Problem: Output exactly the lines from the one containing "frenzy as he" through the final line of the entries below, both included, and skip the pictures.

Stored items from a collection:
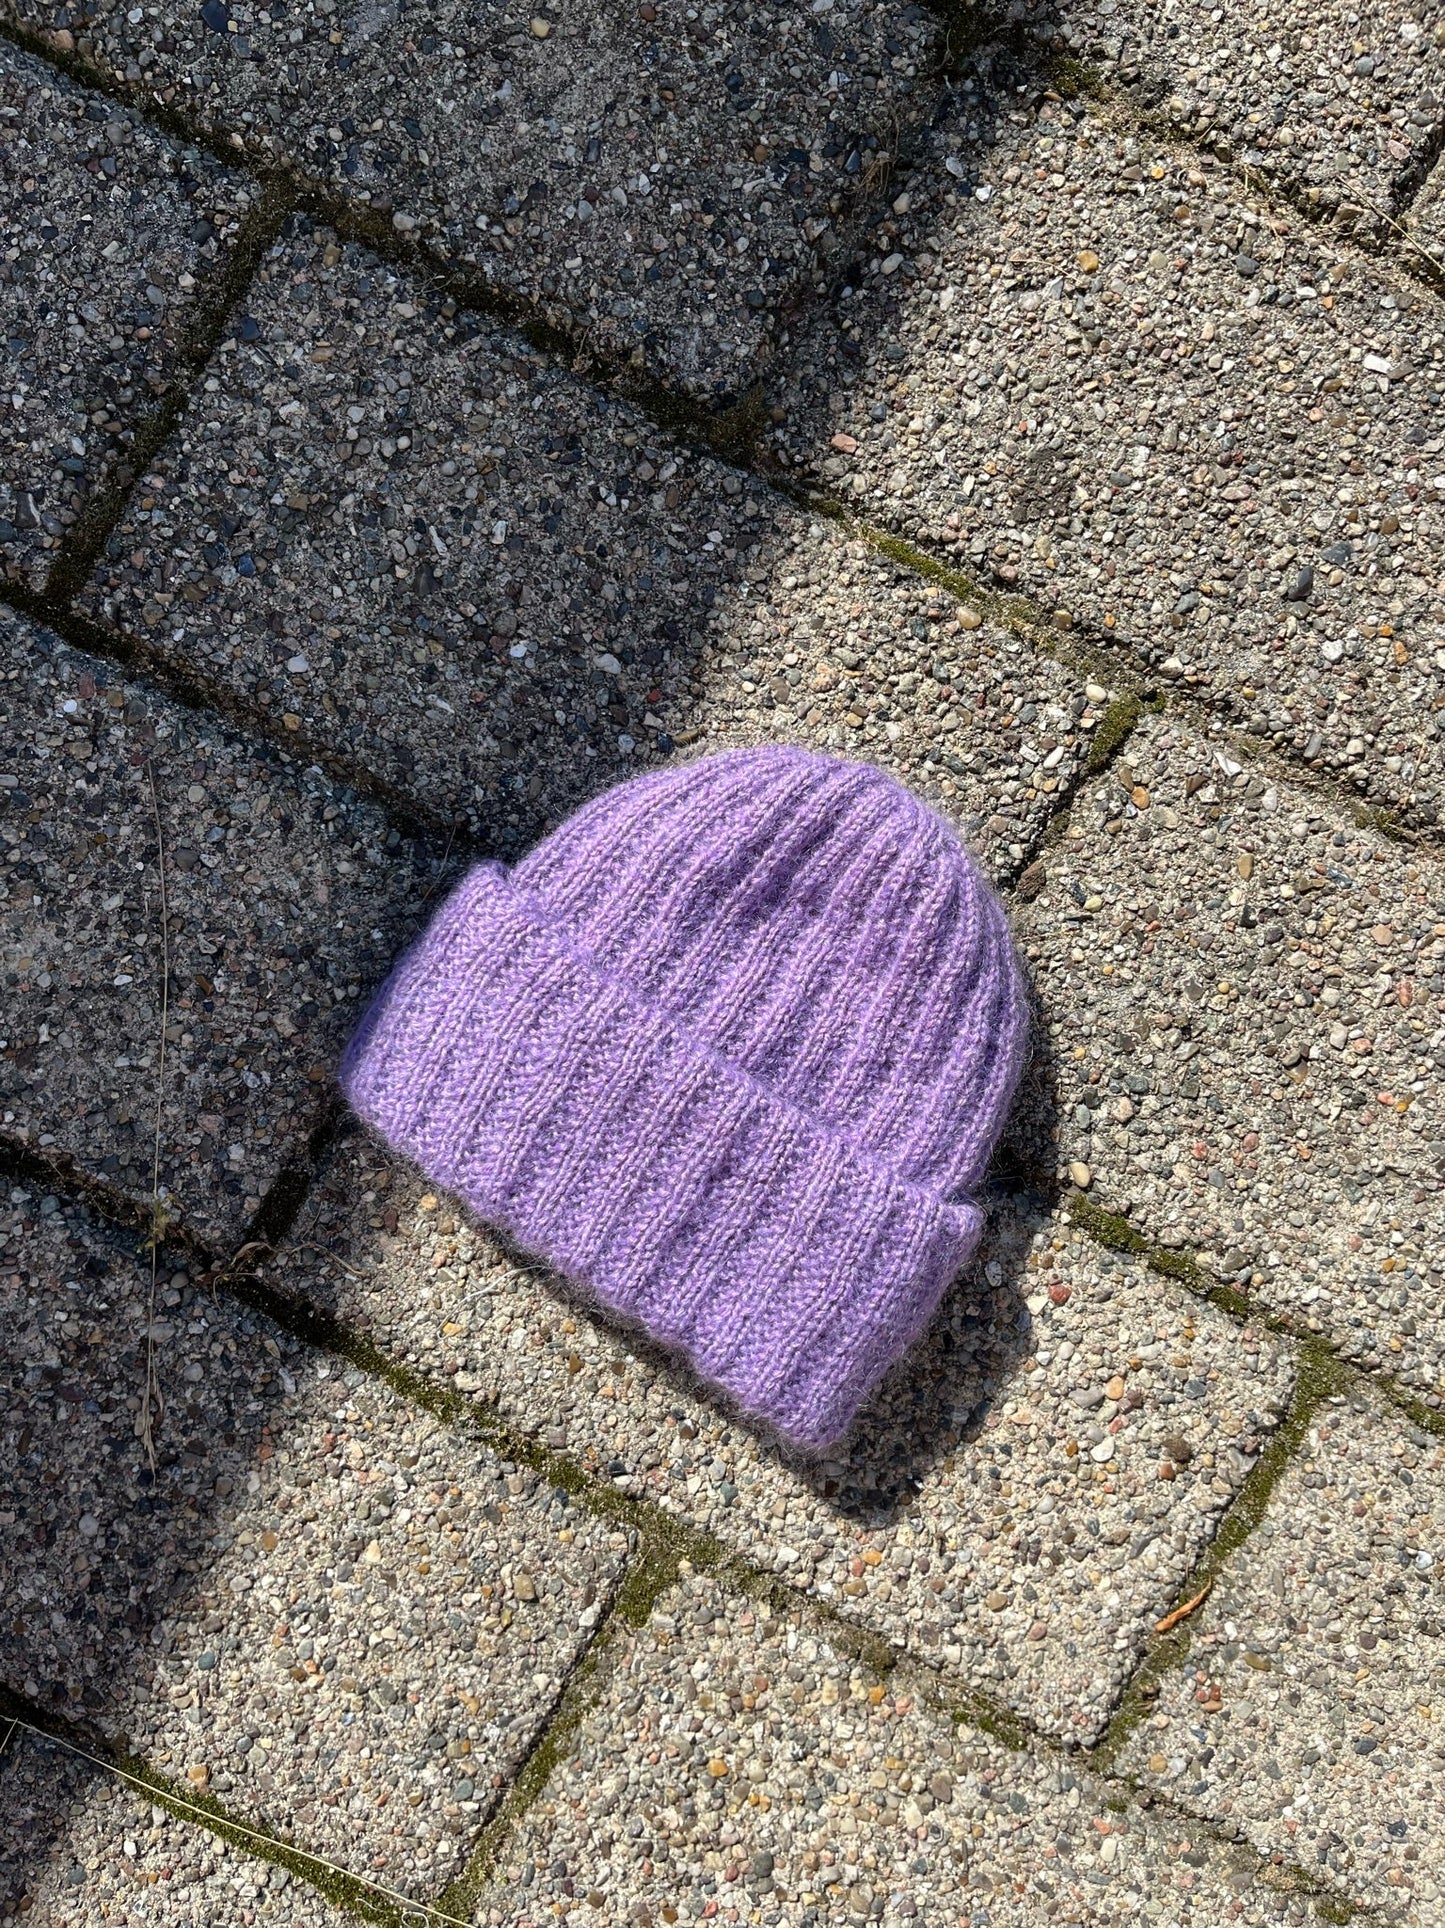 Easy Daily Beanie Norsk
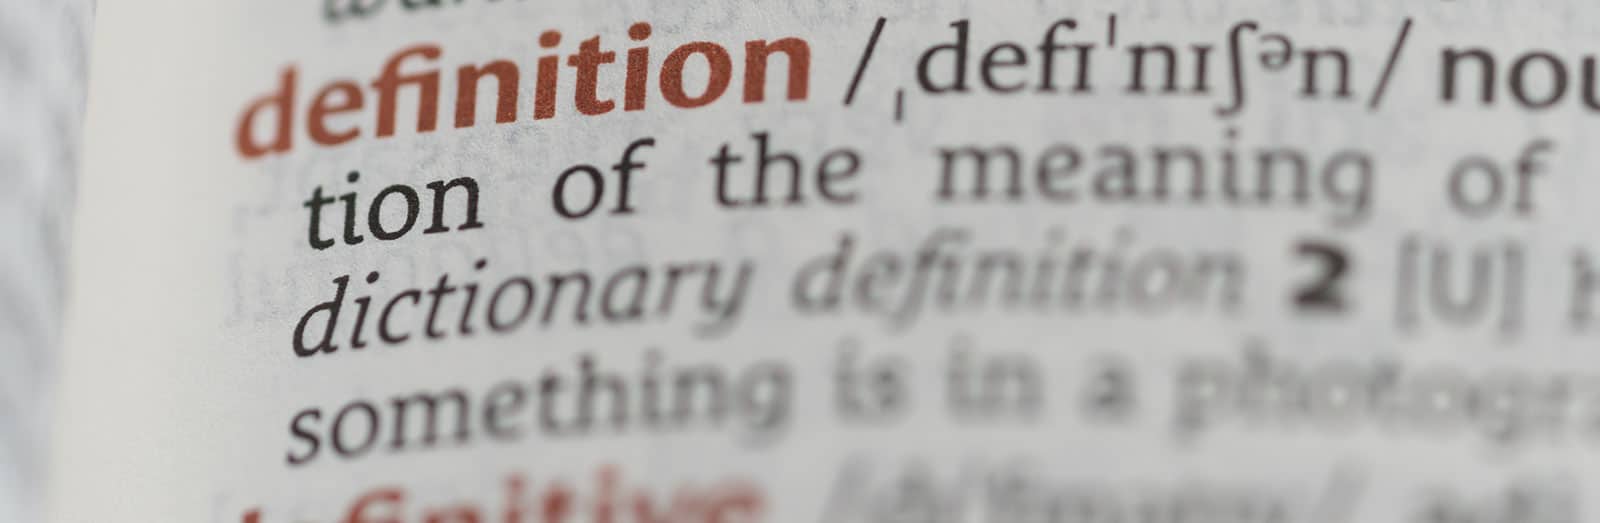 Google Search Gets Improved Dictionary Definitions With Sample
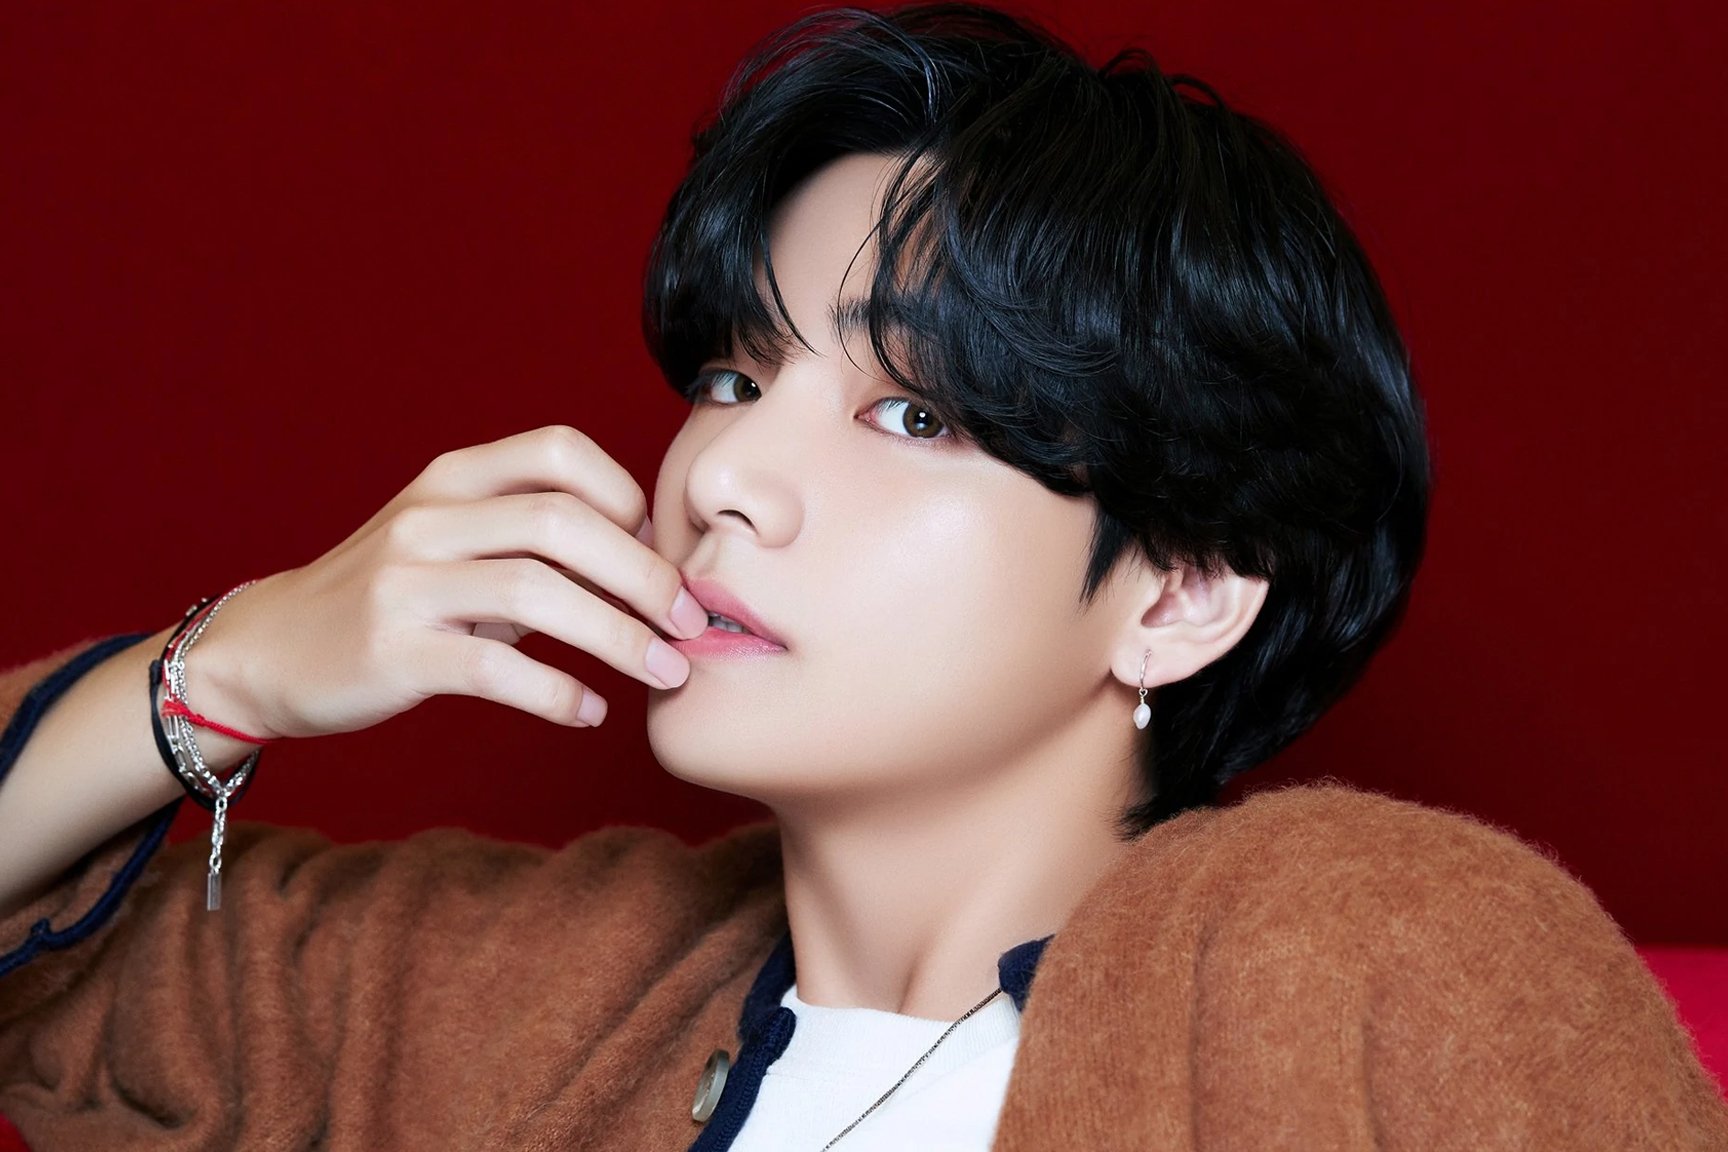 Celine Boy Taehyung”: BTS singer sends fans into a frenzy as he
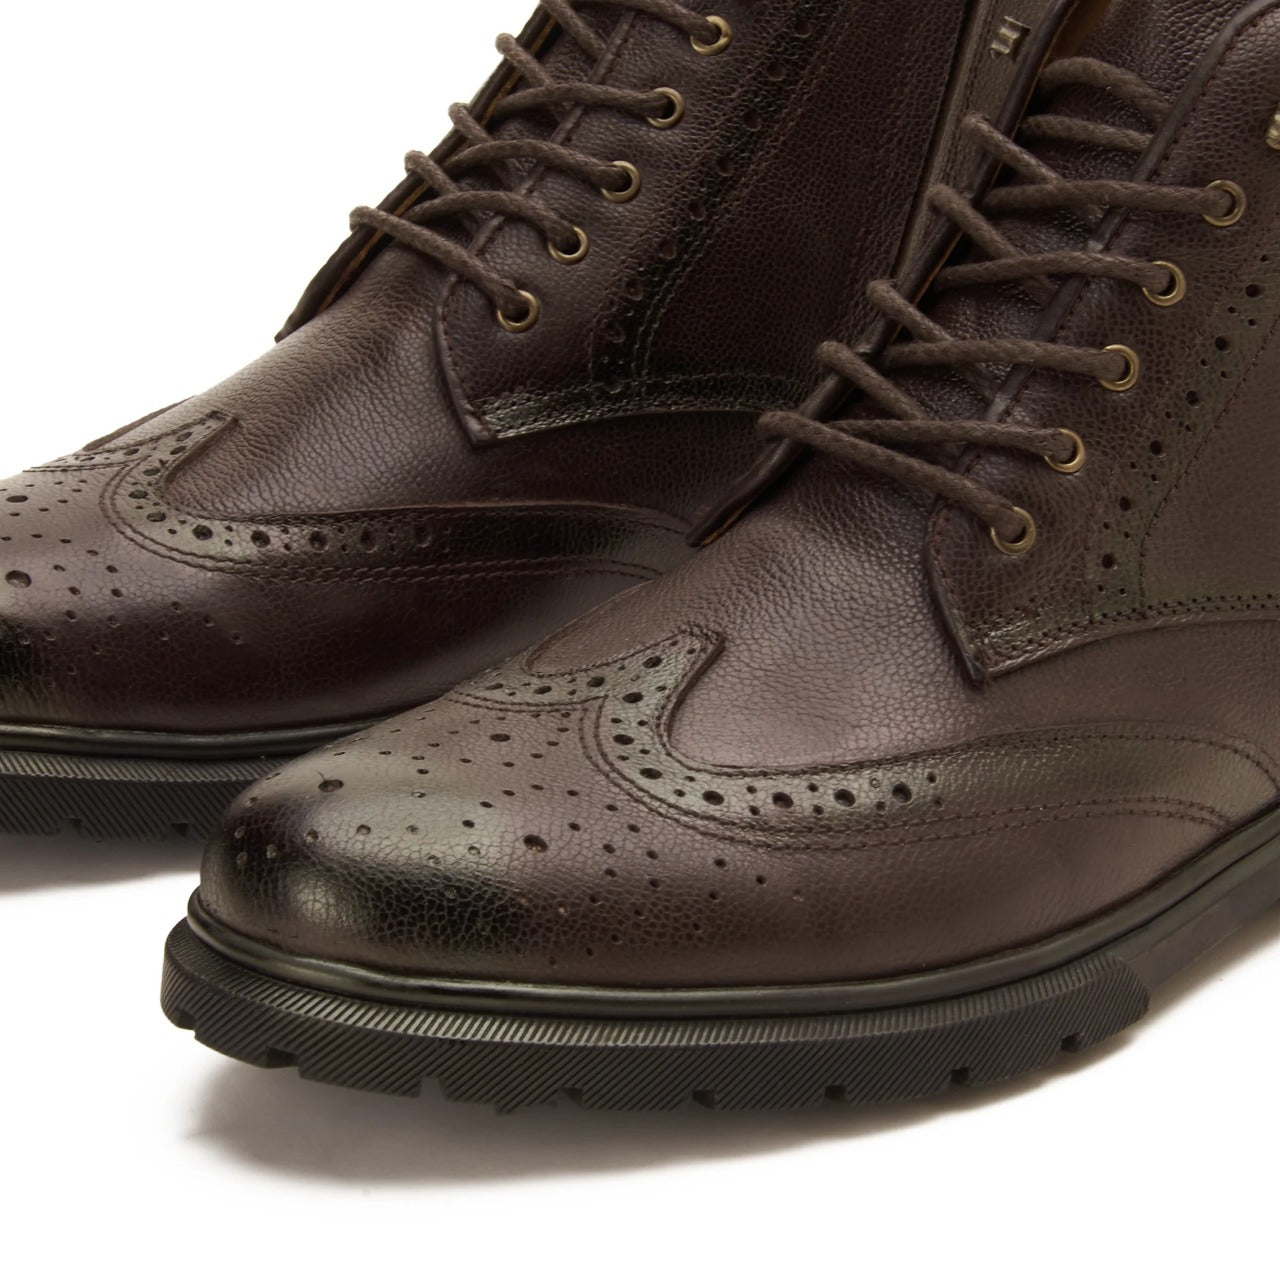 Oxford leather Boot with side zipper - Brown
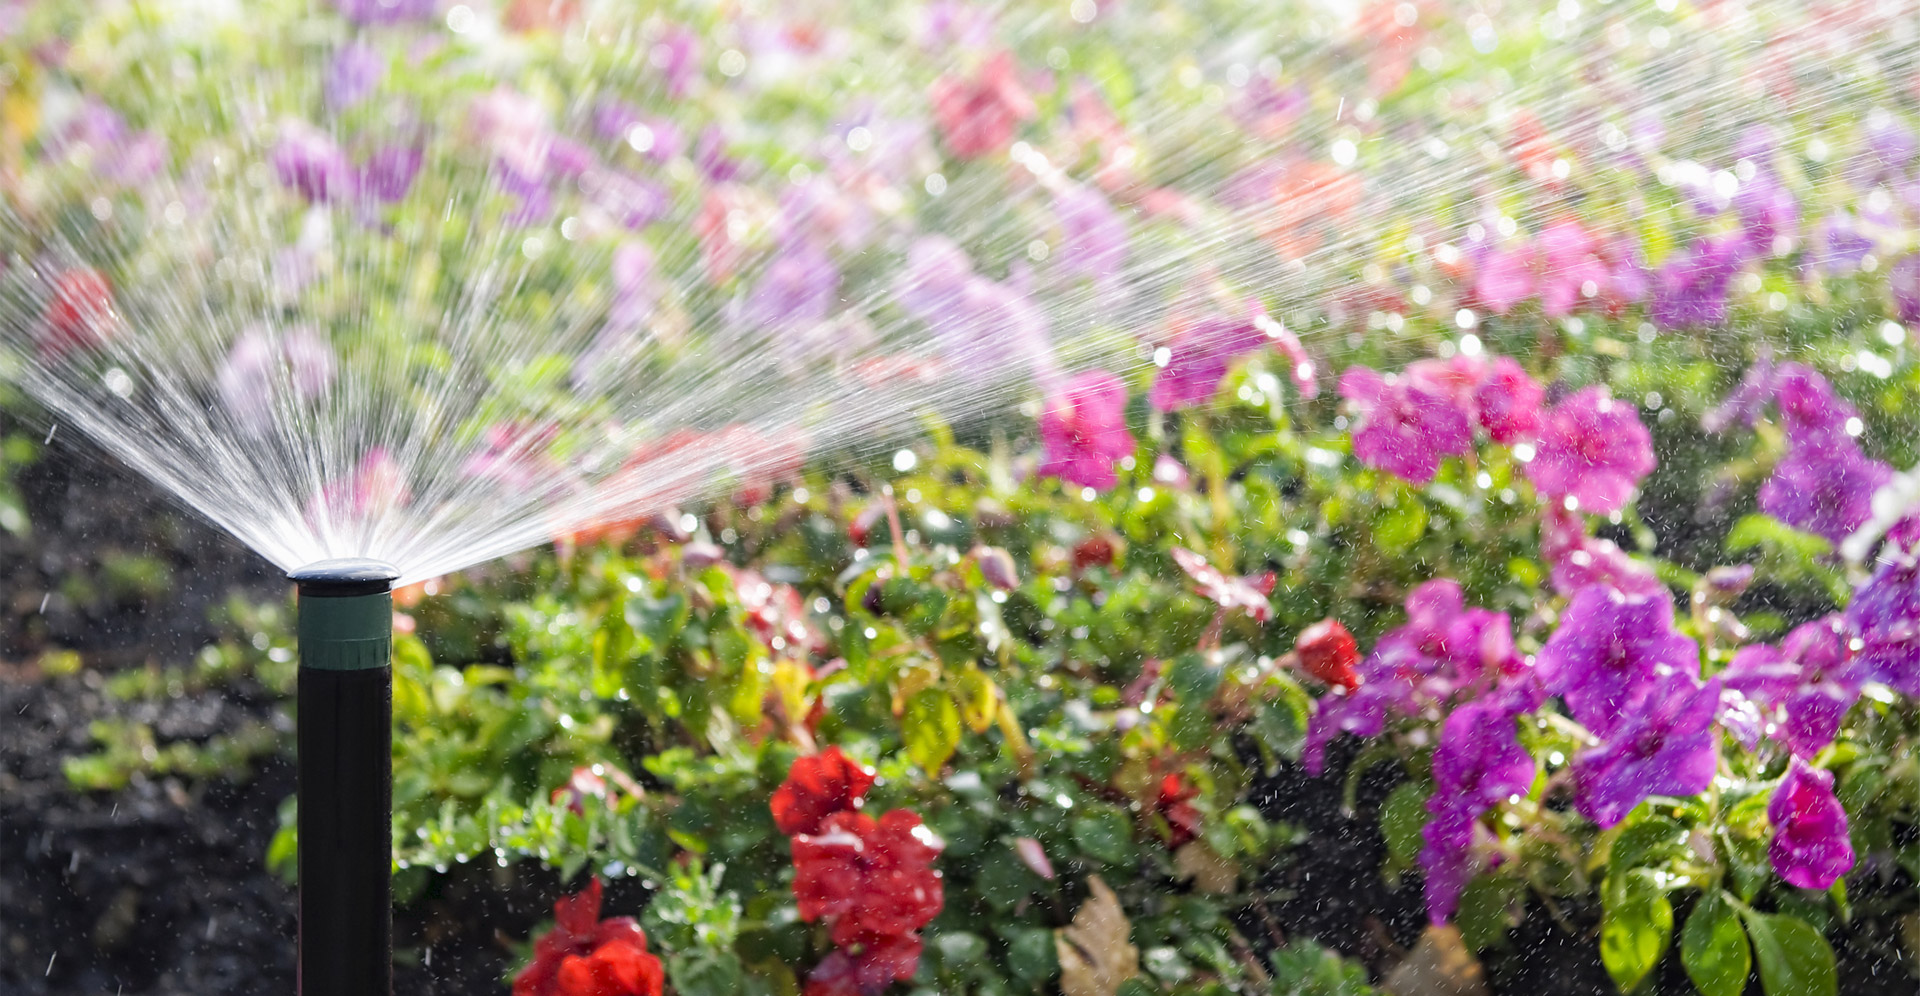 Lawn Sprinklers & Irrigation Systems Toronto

Result:
 Celine Boy Taehyung”: BTS singer sends fans into a frenzy as he
 Oxford leather Boot with side zipper - Brown
 Lawn Sprinklers & Irrigation Systems Toronto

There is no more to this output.